An Agilent 1200 liquid chromatograph (LC), with quaternary pump, degasser and thermostated autosampler coupled to a triple quadrupole API 4000 (4000 Q-TRAP ABSCIEX) was used for LC-MS/MS analysis. A Zorbax Eclipse XDB-C18 column, 150 mm long, 4.6 mm i.d. and 5 µm particle size, was kept at 40 °C during the chromatographic analyses. Water/ HCOOH 0.1% (v/v) (A) and acetonitrile (B) were employed as mobile phases at a flow of 0.6 mL min⁻¹. The operation of the LC gradient involved the following elution program: starting with 70% of component A, which was dropped to 0% in 12 min (3.5 min hold) then it rose back to 70% in 1.5 min (4 min hold) for a total run time of 21 min. 5 µL of each sample were injected.

MS/MS detection was performed in the multiple reaction monitoring (MRM) mode using an electrospray ionization (ESI) interface in the positive ion mode. The optimal MRM transitions, declustering potentials (DP) and collision energies (CE) of each studied compound were determined by infusing the standard solutions directly into the Q-TRAP with a syringe at a constant flow. A retention time window of 90 s was set for each analyte.

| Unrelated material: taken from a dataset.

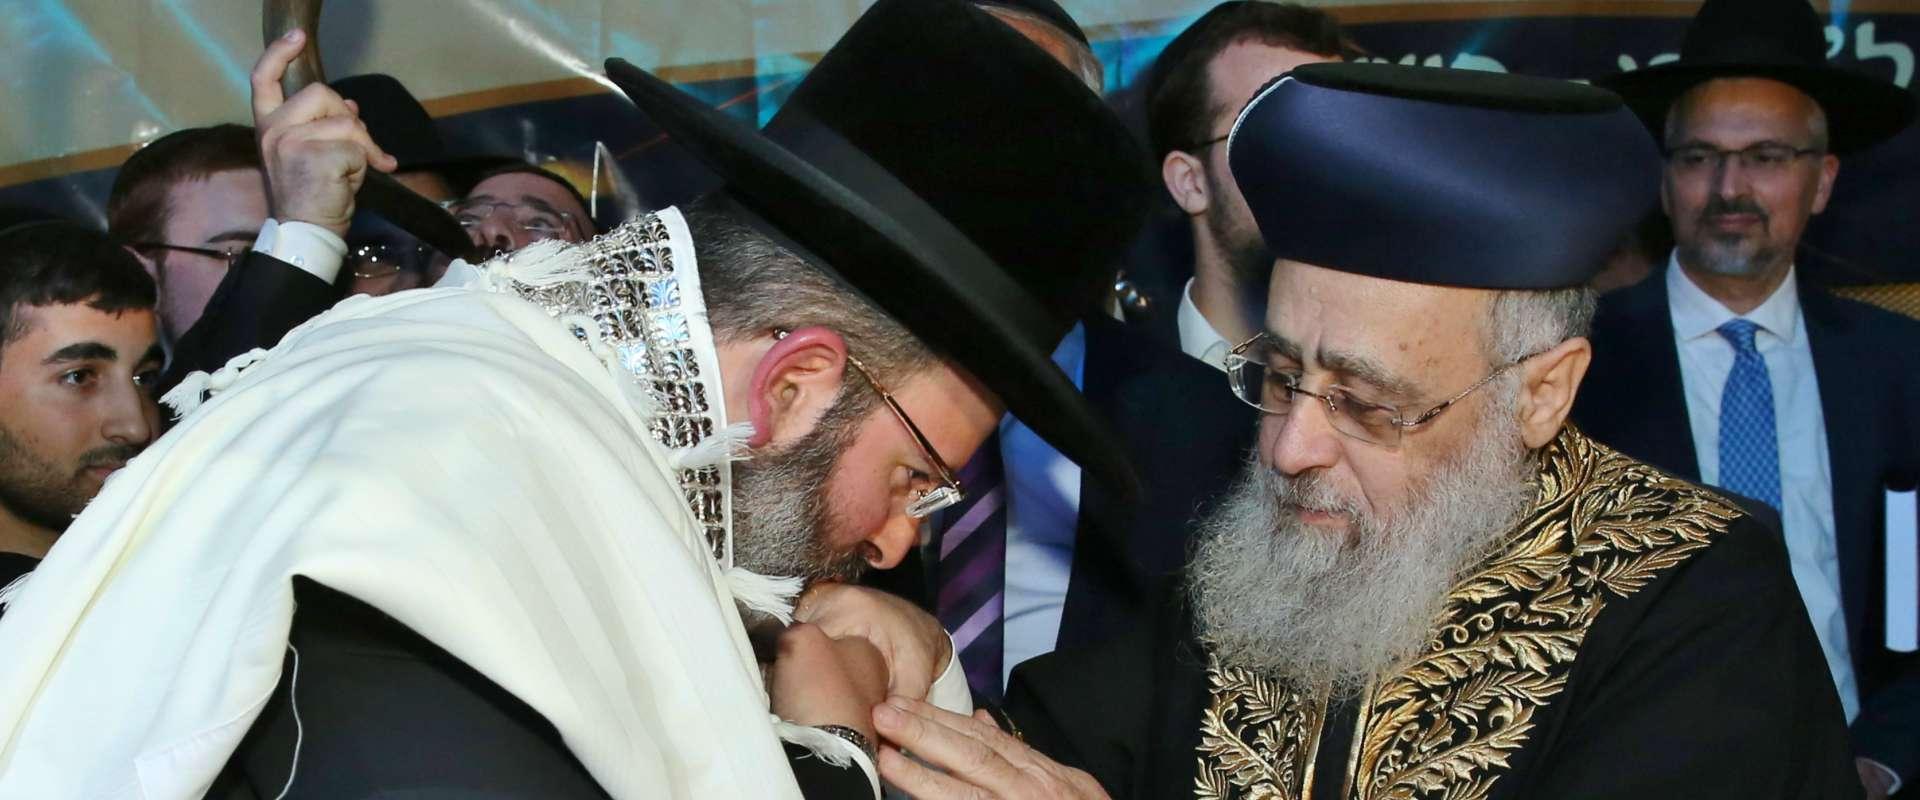 הרב הראשי יצחק יוסף עם רב העיר נשר
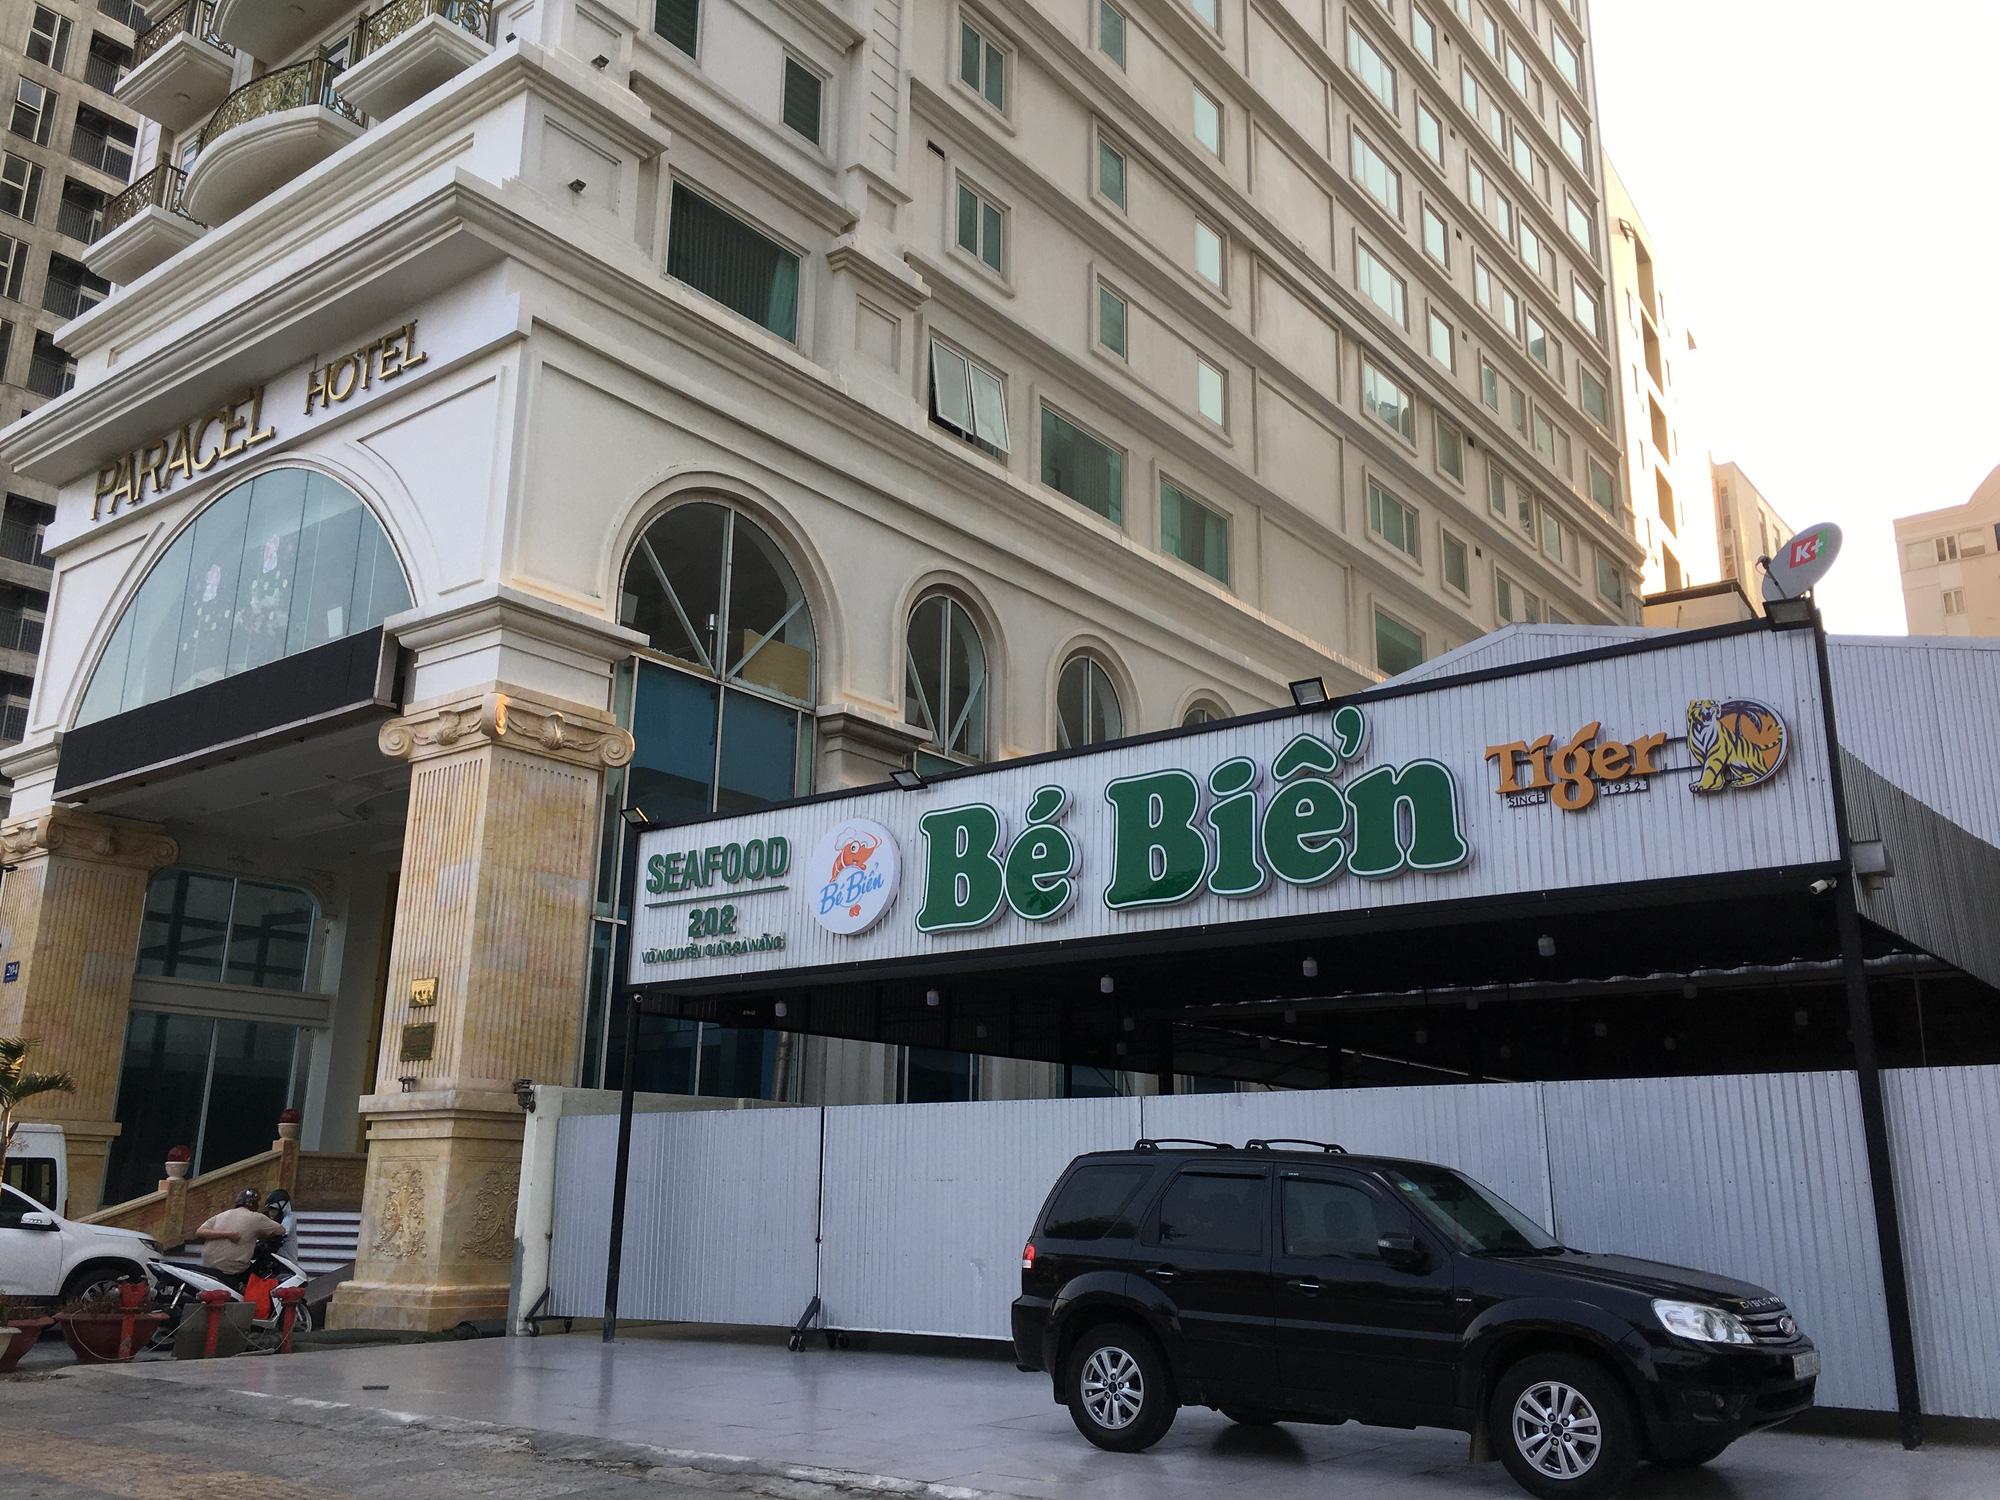 Khách sạn, công trình xây dựng ven biển, các hãng thời trang lớn ở Đà Nẵng đóng cửa hàng loạt trước ngày 'cách li toàn xã hội' - Ảnh 7.

2.5. Residue Analysis and Method Validation

Pesticide residues were determined thrice for each sample, using an in-house validated method [38] and quantified by LC-MS/MS operating in MRM mode. Briefly, 10 g of homogenized sample was weighed into a 50 mL Teflon centrifugal tube. EtOAc (10 mL) was added, and the tube was manually shaken for 1 min. Afterwards, 8 g anhydrous MgSO₄ and 1.5 g NaCl were added. The tube was shaken vigorously by hand for 1 min, placed in an ultrasonic bath for 15 min, and centrifuged for 10 min at 3000 rpm. After phase separation, 2 mL of the organic phase was collected in a 4 mL flask. The extracts were concentrated to dryness under a N₂ flow in a 40 °C water bath. The residue was dissolved in 1 mL of MeCN [39].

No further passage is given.